- _TASK TO CARRY OUT_
Your answer must be the exact lines of the listing below that run from the line with "Афиша Wall of" to the line with "澳大利亚拍摄路线图 .png", ends included, and no pictures.

##### RECORDS PROVIDED #####

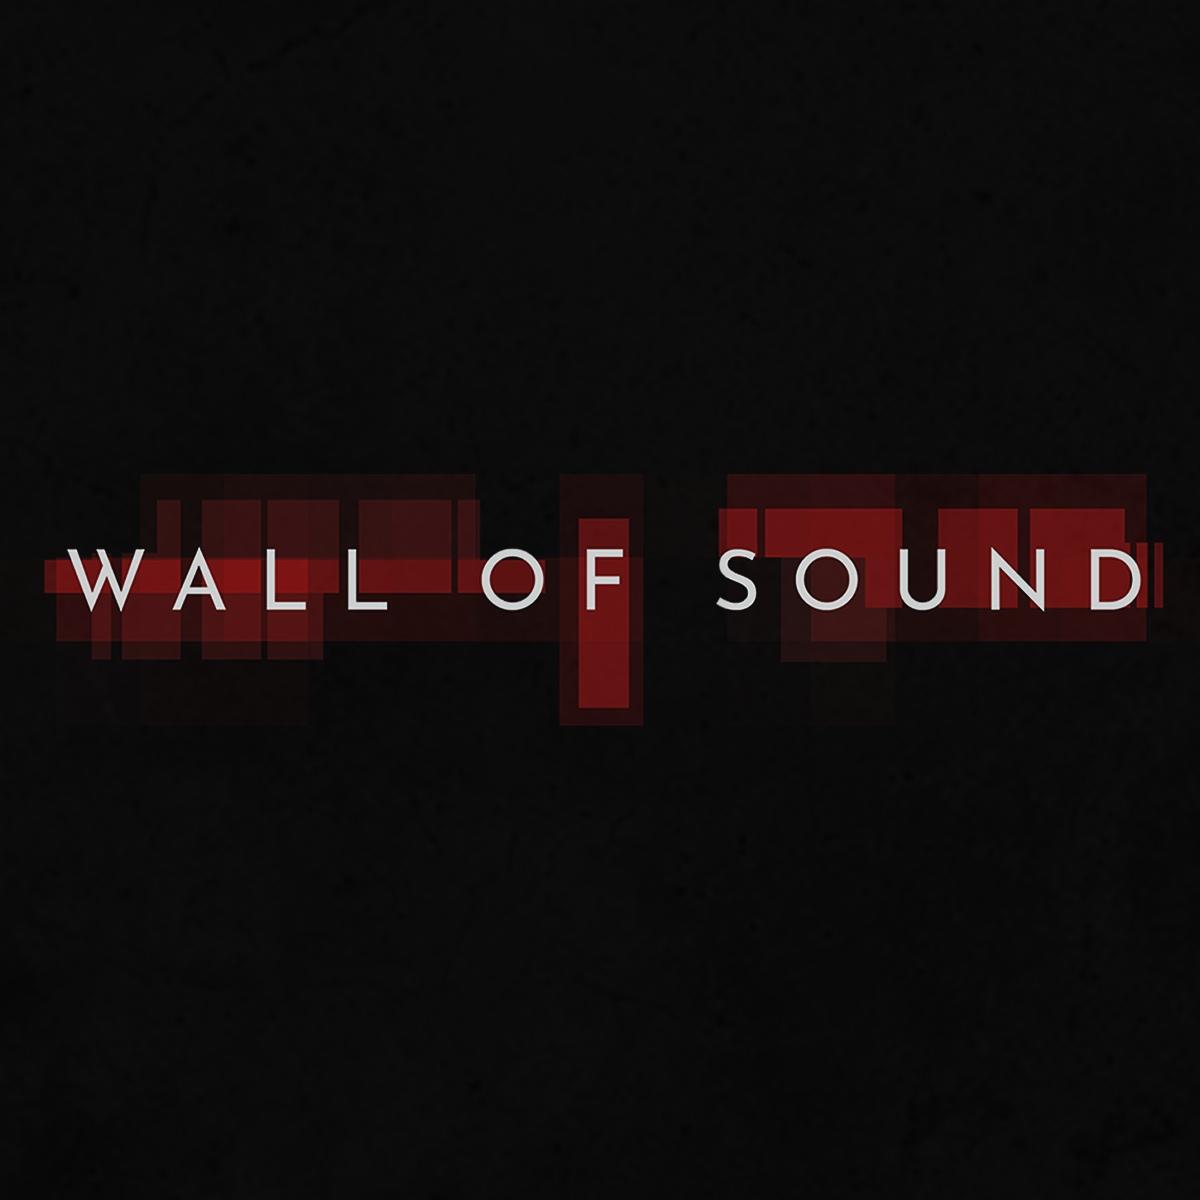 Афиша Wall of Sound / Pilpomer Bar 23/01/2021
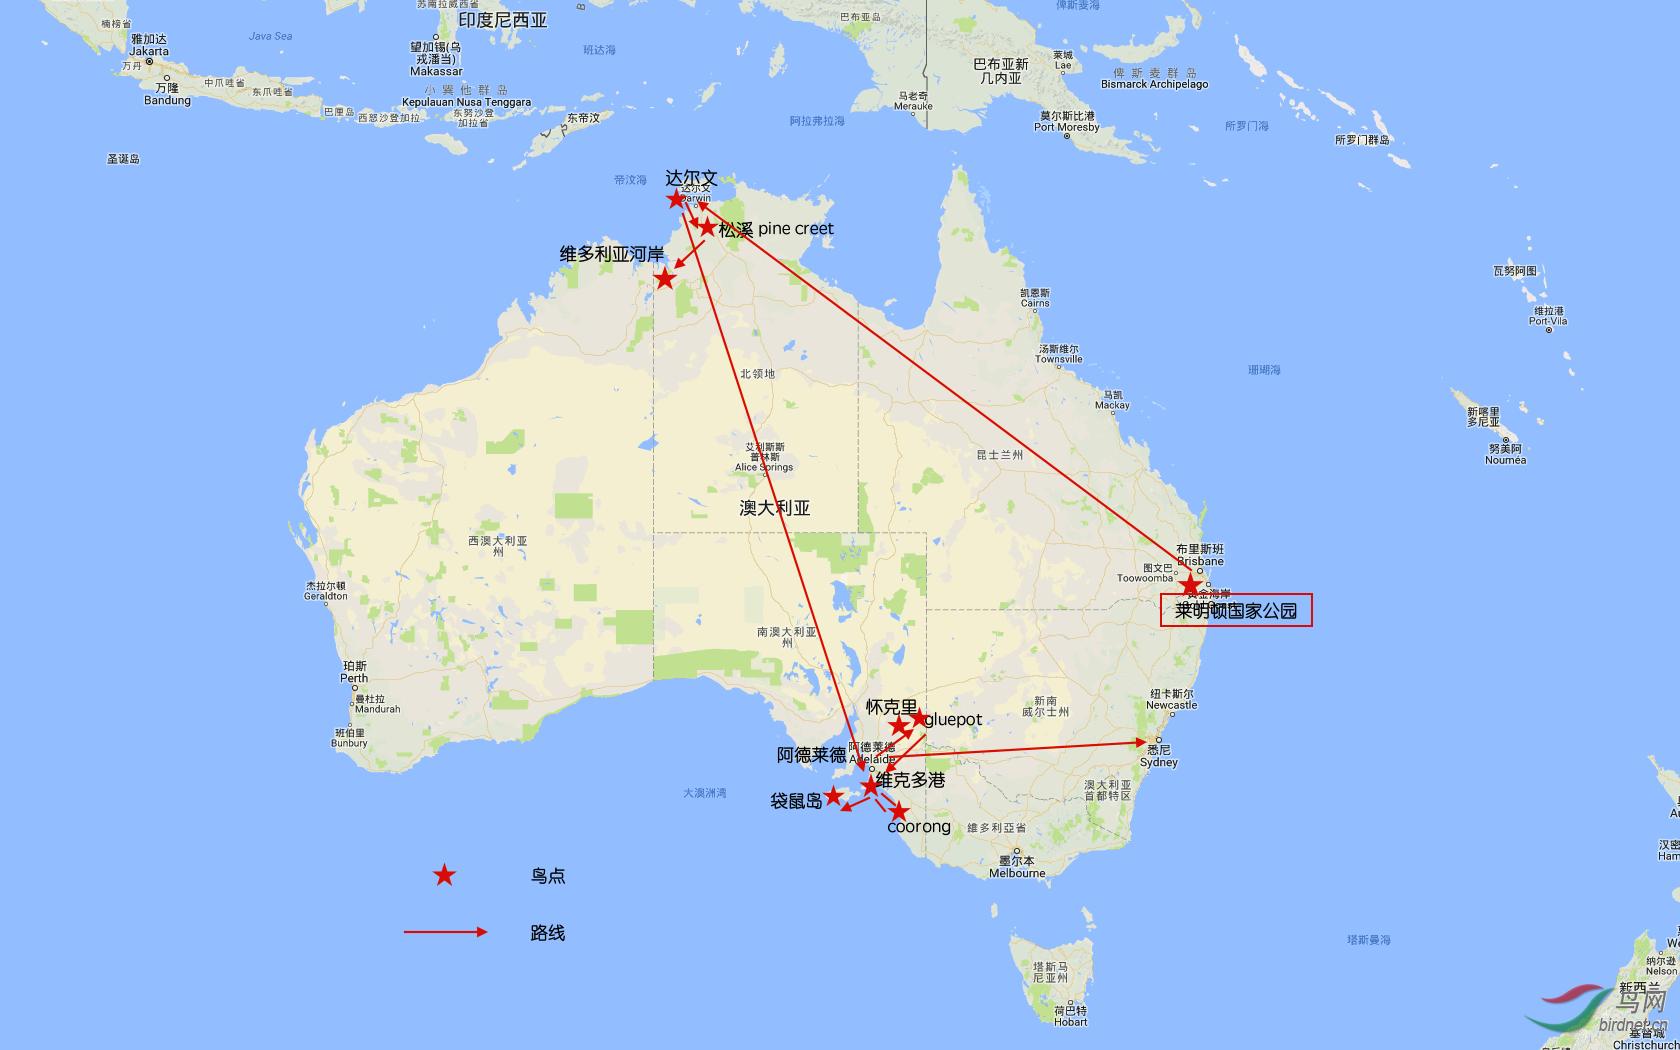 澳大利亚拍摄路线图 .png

#####
##### RECORDS PROVIDED #####

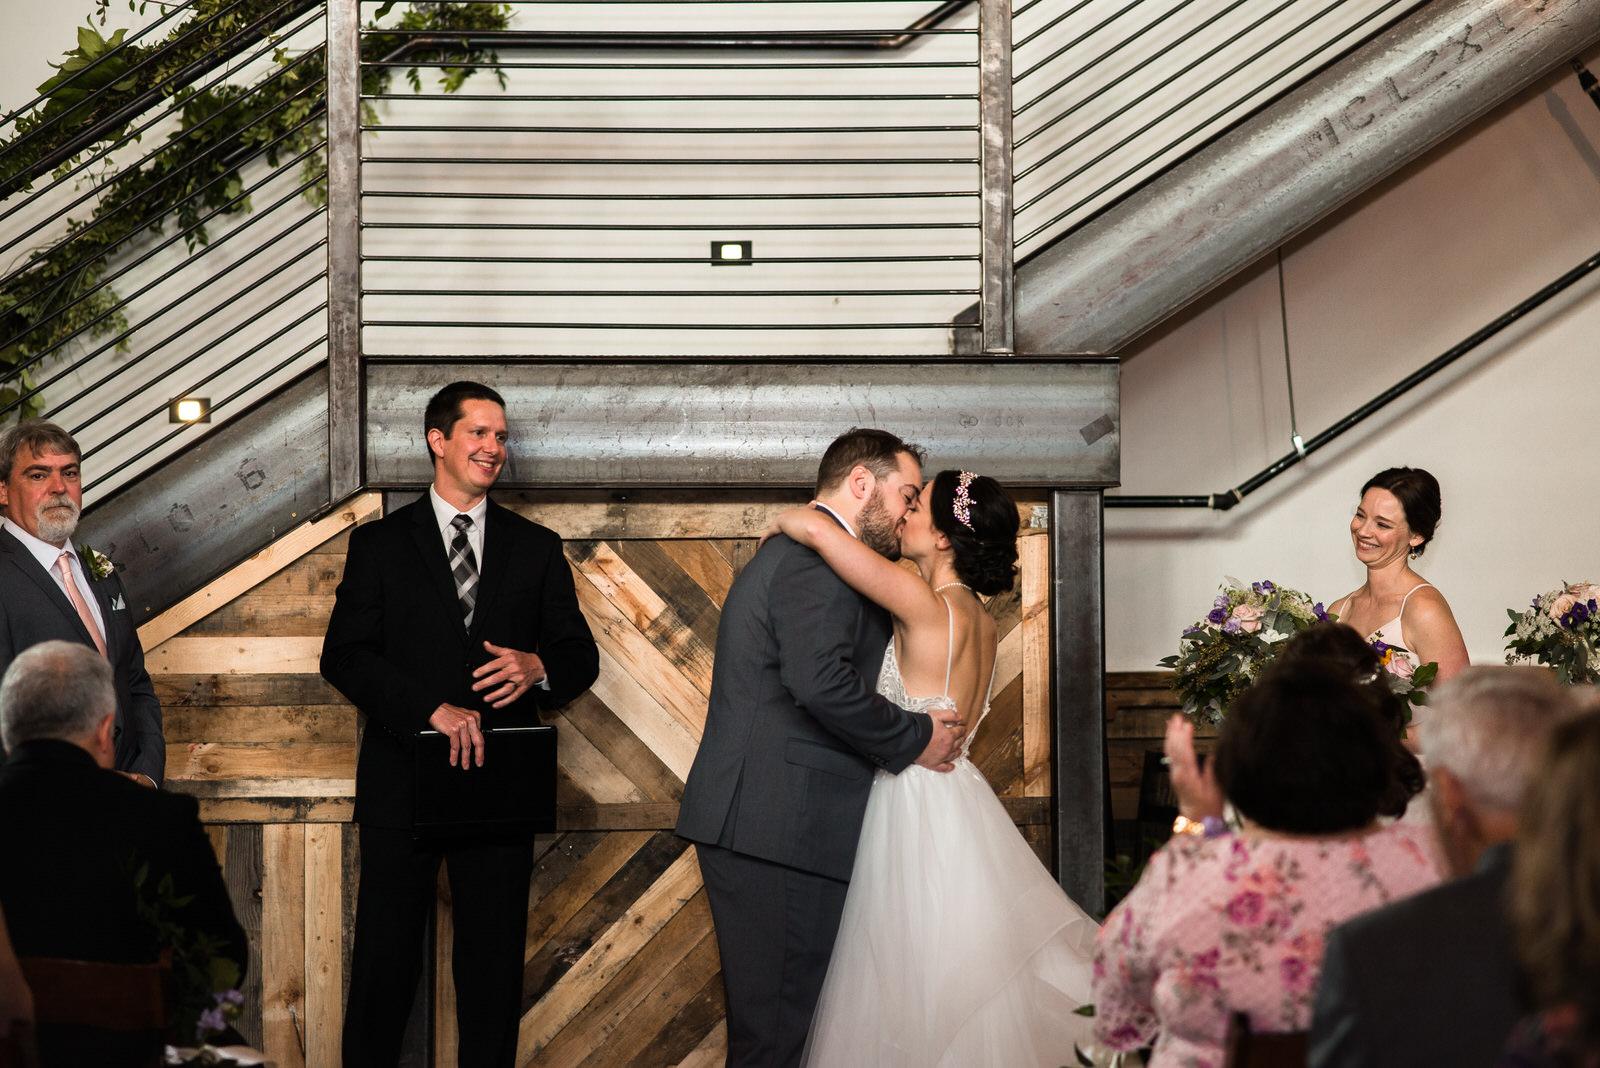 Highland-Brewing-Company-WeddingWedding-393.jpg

#####

- _RESULT OF THIS EXERCISE_
 Афиша Wall of Sound / Pilpomer Bar 23/01/2021
 澳大利亚拍摄路线图 .png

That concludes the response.